The entity had planned to spend R4.5bn on all its programmes in 2012/13, but had actually achieved R5.648bn.  Of this, R3.554bn (63%) had been spent on BBBEE programmes – above target – but the value of contracts awarded to women, R1.035bn (18%), fell below the 25% targeted.  The approximate value of youth spend, at R652m (12%), was also below the 15% targeted.  The number of job opportunities created by the IDT was 34 534, against a target of 30 000, while the number of job opportunities created through the Expanded Public Works Programme (EPWP) reached 42 447, against a target of 30 000.  Since 2001/02, the IDT's annual programme expenditure had grown from R300m to R5.647bn.  The current expenditure was dominated by spending on educational facilities (50%), followed by health care facilities (19%).  KwaZulu-Natal was the province where the largest proportion of IDT’s funds was spent – just over R1.7bn, or 32.1% of the total.  Mpumalanga (14.7%), Eastern Cape (11.9%) and Gauteng (11.5%) were the next highest provinces.

The IDT had a staff complement of 371, with 441 funded positions.  The 67 vacancies were a serious concern, because many of those leaving were high level staff, such as general managers and programme implementation managers -the built environment professionals – whose skills were sorely needed.  Of the 50 employees whose services were terminated, 26 had resigned.

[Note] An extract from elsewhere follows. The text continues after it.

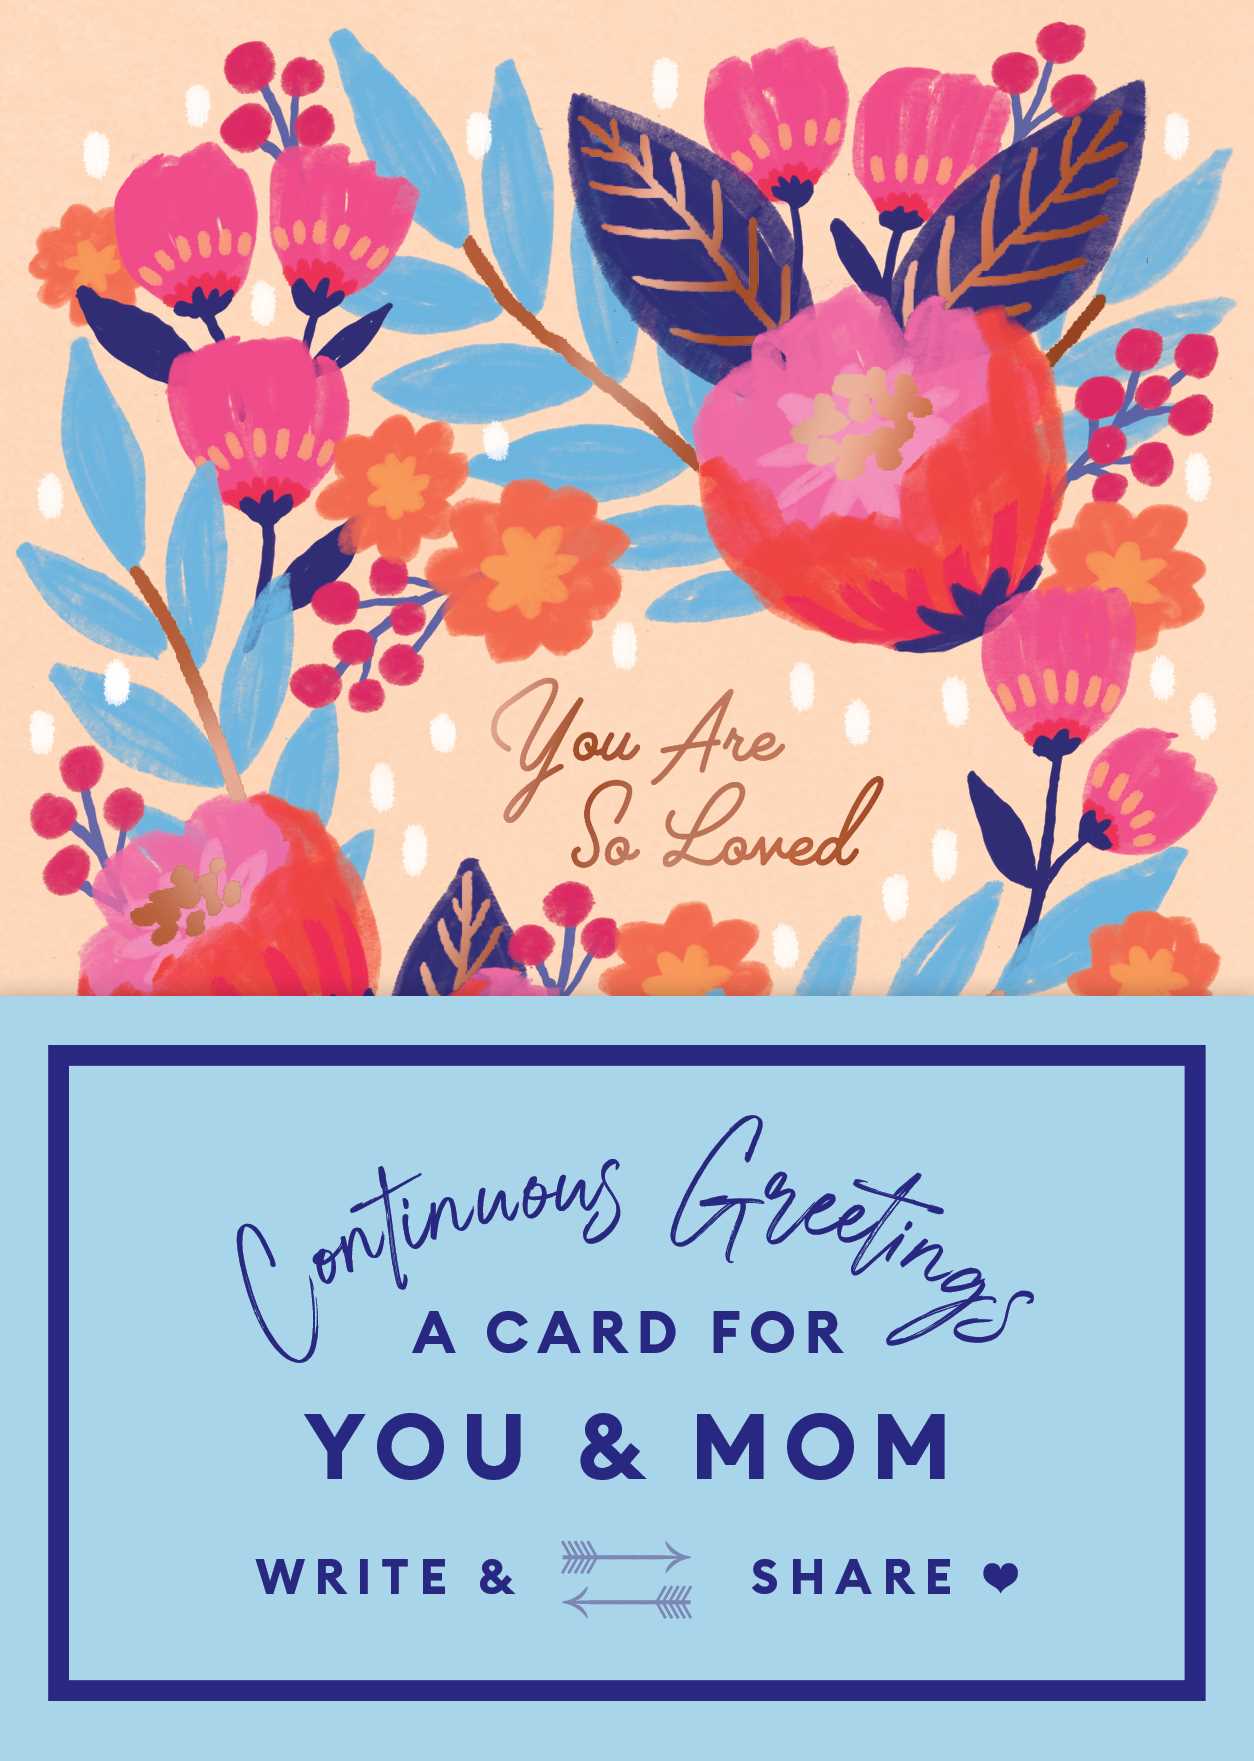 A Card for You and Mom (Continuous Greetings)

The IDT had received its eleventh consecutive unqualified audit report, but it included an emphasis of statement which referred to “the existence of a material uncertainty on future operational needs that may cast significant doubt on the IDT's ability to operate as a going concern.”  The report also highlighted material misstatements of expenditure and revenue which were identified and subsequently corrected, procurement of goods and services through unacceptable processes, and effective steps not being taken to prevent fruitless and wasteful expenditure or to collect all moneys due.  An audit action plan had been prepared and approved to address the issues raised by the Auditor General.

Ms Nwedamutswu said that with its funds almost depleted, the organisation now had to rely on a funding allocation from NT, either wholly or partly, or generate sufficient management fees from clients to fund the operating expenditure.  The cost containment strategy sought to balance the increasing demand for the IDT's services and the resources required to meet that demand, with the need to control and limit cost increases.

Mr Ian Ellis, Chief Financial Officer, IDT, demonstrated the impact of the entity's declining available funds on its ability to sustain its operations.  At the end of March this year, R173.7m had been available.  By the end of September, this had dropped to only R140m.  If monthly expenses averaged R40 000, the entity could continue operating for only another 4.5 months.  The situation was critical.  There was a danger that resources would be reduced to the extent that performance would be compromised.  An analysis of administration expenditure showed that the organisation had had to spend over R35m on consultancy fees (nearly 60% above budget) to acquire skills not available within the IDT.

Ms Nwedamutswu concluded the presentation by insisting that although the IDT was in a precarious position, it should pursue its existing mandate geared at eradicating poverty, inequality and reducing unemployment, maintaining an integrated development approach in its social infrastructure delivery, enabling community ownership.  She appealed to the Committee for support in its efforts to secure long-term funding from the government.

Discussion
Ms A Dreyer (DA) asked what steps had been taken to address the procurement, fruitless and wasteful expenditure and money collection issues raised by the Auditor General. Why had so many people resigned?  There had also been 22 cases of misconduct – what had been the consequences?

Ms N November (ANC) asked how the IDT was going to reverse the loss of vital senior management from its ranks because without them, the organisation would not survive.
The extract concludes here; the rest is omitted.